The use clause of a lease is the provision which defines the types of activities which may be conducted within the premises. For an office space, the issue is straightforward; the tenant can occupy the space only for office uses. However, careful attention should be paid to the use clause in the context of flex/warehouse/industrial space and in the context of retail space.

  1. Flex/Warehouse/Industrial Space. For flex/warehouse/industrial space, the landlord should avoid the mistake of allowing the tenant to use the space for any lawful use. While the tenant’s expected use of the premises may not pose any special risks to the real estate, it is always possible a change in use may occur which poses: (i) unacceptable environmental risks (a change in use of flex space from office use to a biotech laboratory), or (ii) unacceptable safety risks (a change in use of industrial space from light manufacturing to heavy manufacturing).
  2. Retail Space. For shopping center space, the landlord wants to control the tenant mix to attract the largest possible volume of shoppers to maximize sales for all tenants of the shopping center. The three types of clauses which directly affect a retail tenant’s use of its premises relate to: (i) permitted uses, (ii) prohibited uses, and (iii) exclusive uses. The tenant’s use of the space may also be indirectly affected by the lease’s alterations clauses, its sign restrictions, and its assignment and subletting provisions.
  3. Permitted Uses. The permitted use is the specific activity the tenant is allowed to perform in the premises. The landlord should define the permitted use as narrowly as possible to ensure that the tenant’s use of its premises does not “evolve” over time. In addition, the landlord should avoid allowing the tenant to engage in “ancillary uses related thereto” or clauses of similar import.

The tenant, on the other hand, would like the use clause defined as broadly as possible. Where the tenant is selling items which are constantly changing due to advances in technology (such as computers, records and compact discs), the tenant should be sure that the use clause allows the tenant to sell technological evolutions of the products currently being sold by the tenant.

  1. Exclusive Uses. Tenants often request the exclusive right to sell a particular item in the shopping center. Landlords try to resist granting such exclusive rights since the granting of such rights limits the landlord’s flexibility. To the extent the landlord does grant such rights, the landlord should: (i) narrowly define the exclusive use, and (ii) exclude from the “exclusion” prior leases, renewals of prior leases, new leases with existing tenants of the shopping center, “anchor” tenants, and sales of the restricted item in small amounts by other tenants of the shopping center. In addition, tenant’s exclusive rights should automatically terminate upon the occurrence of: (a) a default under the lease, (b) an assignment or sublease, or (c) the tenant ceases to use the premises primarily for the sale of the exclusive use item. Finally, the exclusive right should not apply to any property acquired by the landlord after the date of the lease.
  2. Prohibited Uses. Where the tenant has sufficient strength to sign a lease with a very broad permitted use, the landlord can constrain the tenant by including a list of prohibited uses.
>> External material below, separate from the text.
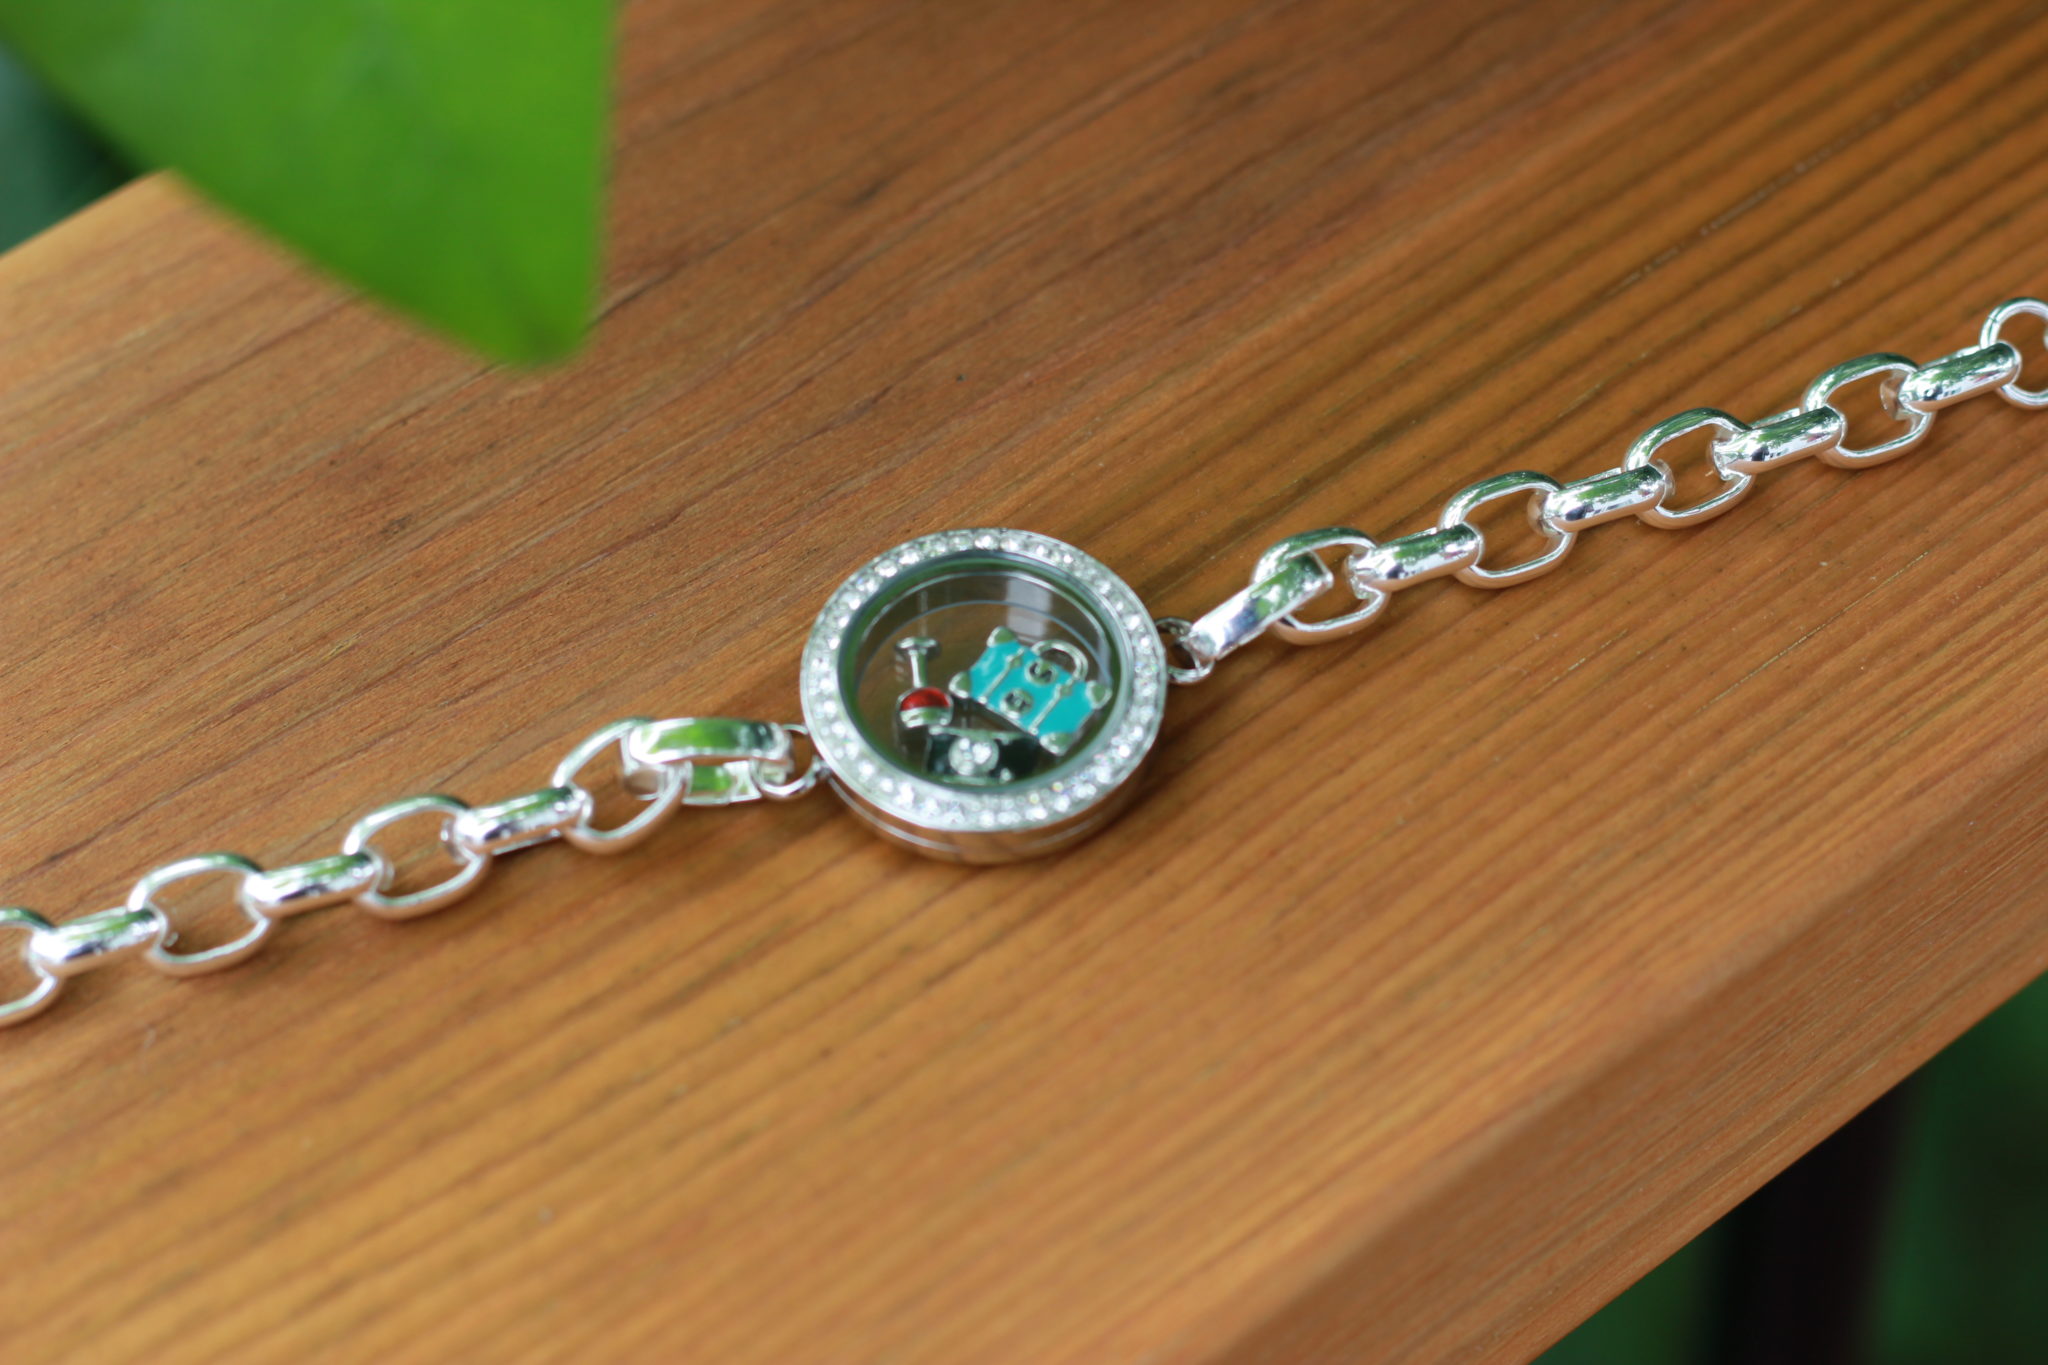 Origami Owl Review & Giveaway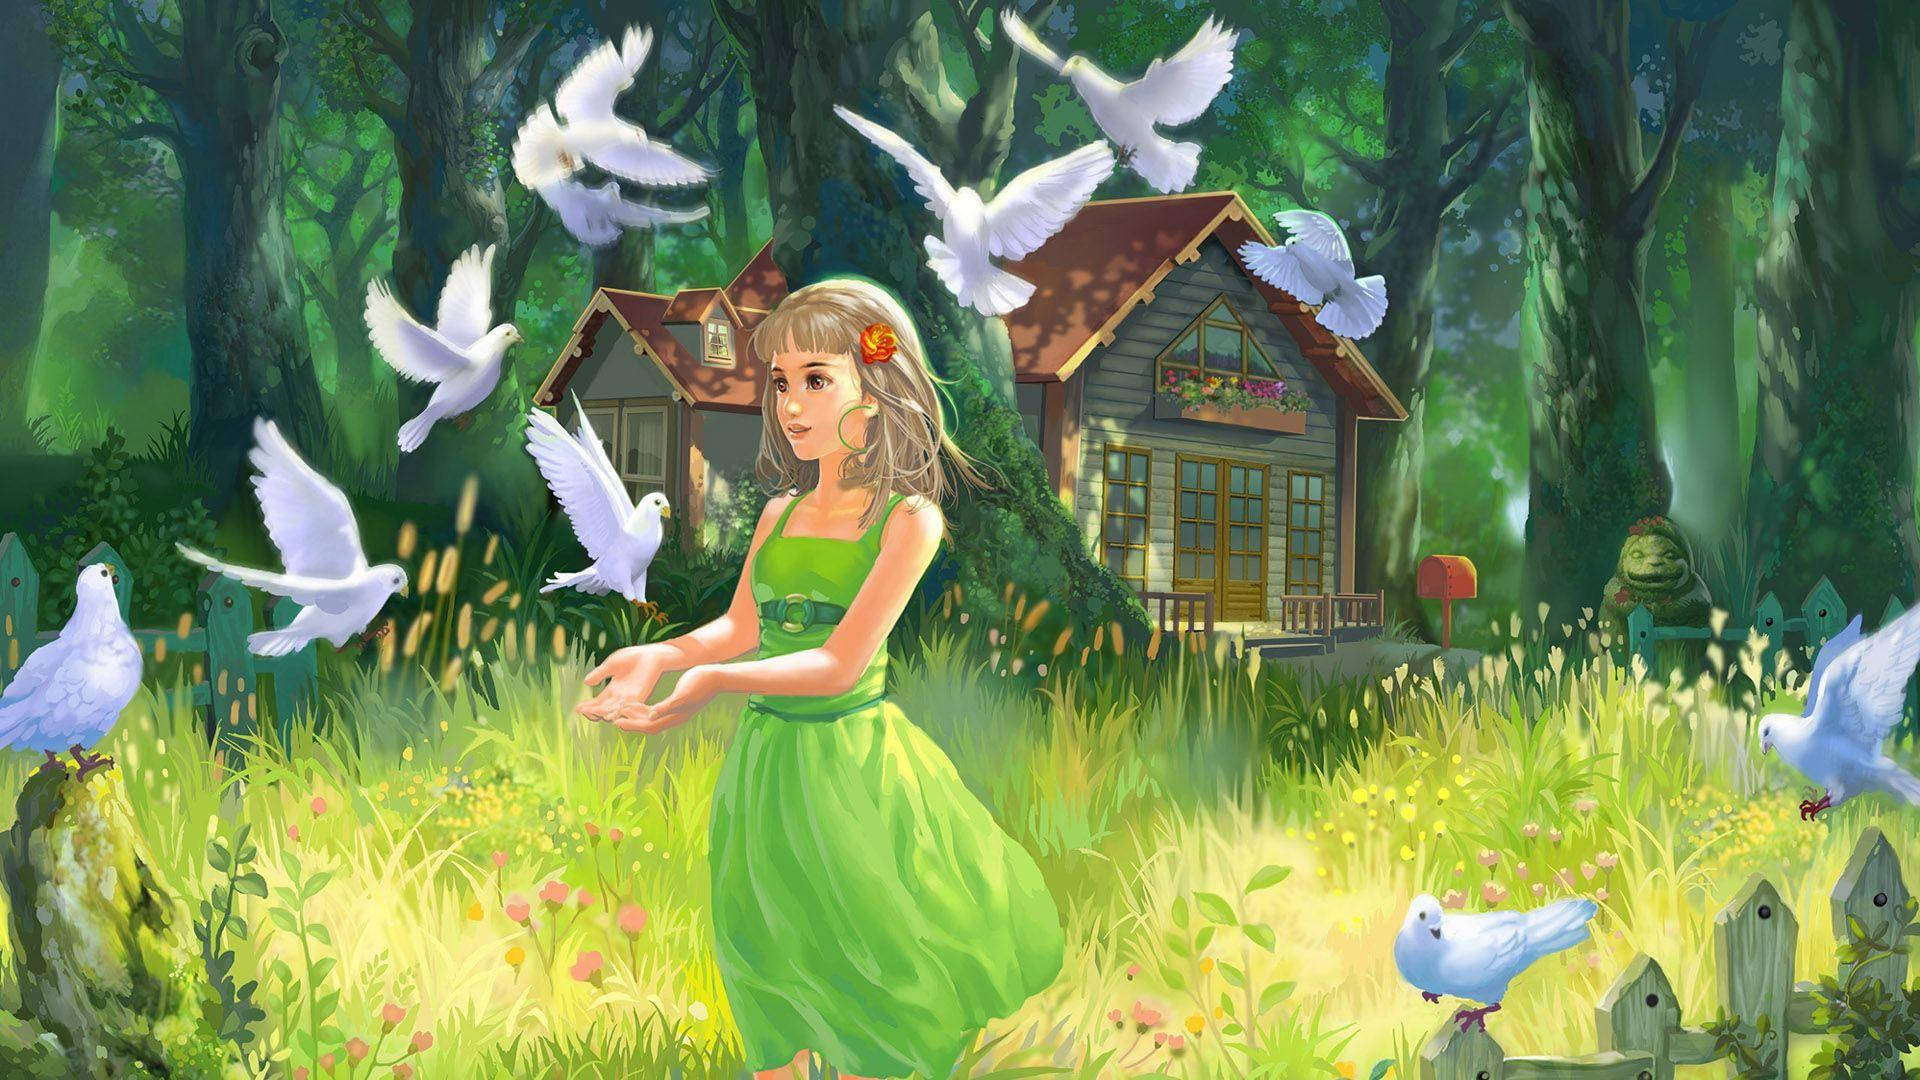 Pretty Girl With Doves Wallpaper

This list often includes: (i) uses which pose environmental risks (for example, auto or boat repair, dry cleaner and lumber yards), (ii) uses which tend to hog parking spaces (for example, movie theaters, meeting halls, and other entertainment centers), (iii) office uses, and (iv) uses which may degrade the center’s reputation (pornographic sales, bars, bingo halls, pool halls, message parlors and dance halls). However, the “standard” list of prohibited uses may be changing as more and more shopping centers add entertainment center components as part of their tenant mix.

CO-TENANCY REQUIREMENTS

A co-tenancy clause is one in which certain of tenant’s obligations under the lease are contingent upon the landlord satisfying specific requirements with respect to the occupancy of the other portions of the project. A tenant would like to obtain a co-tenancy clause to enable it to limit its exposure if the project is a failure. Obviously, the landlord would like to avoid granting co-tenancy rights. This is especially true where the landlord grants several tenants co-tenancy rights. This can lead to a domino effect resulting in numerous tenants ceasing operations.   Thus, it is no surprise that the existence of co-tenancy rights will be extremely troublesome for lenders.   Co-tenancy rights are typically found only in shopping center leases since the success of a shopping center tenant often depends upon the success of the shopping center as a whole.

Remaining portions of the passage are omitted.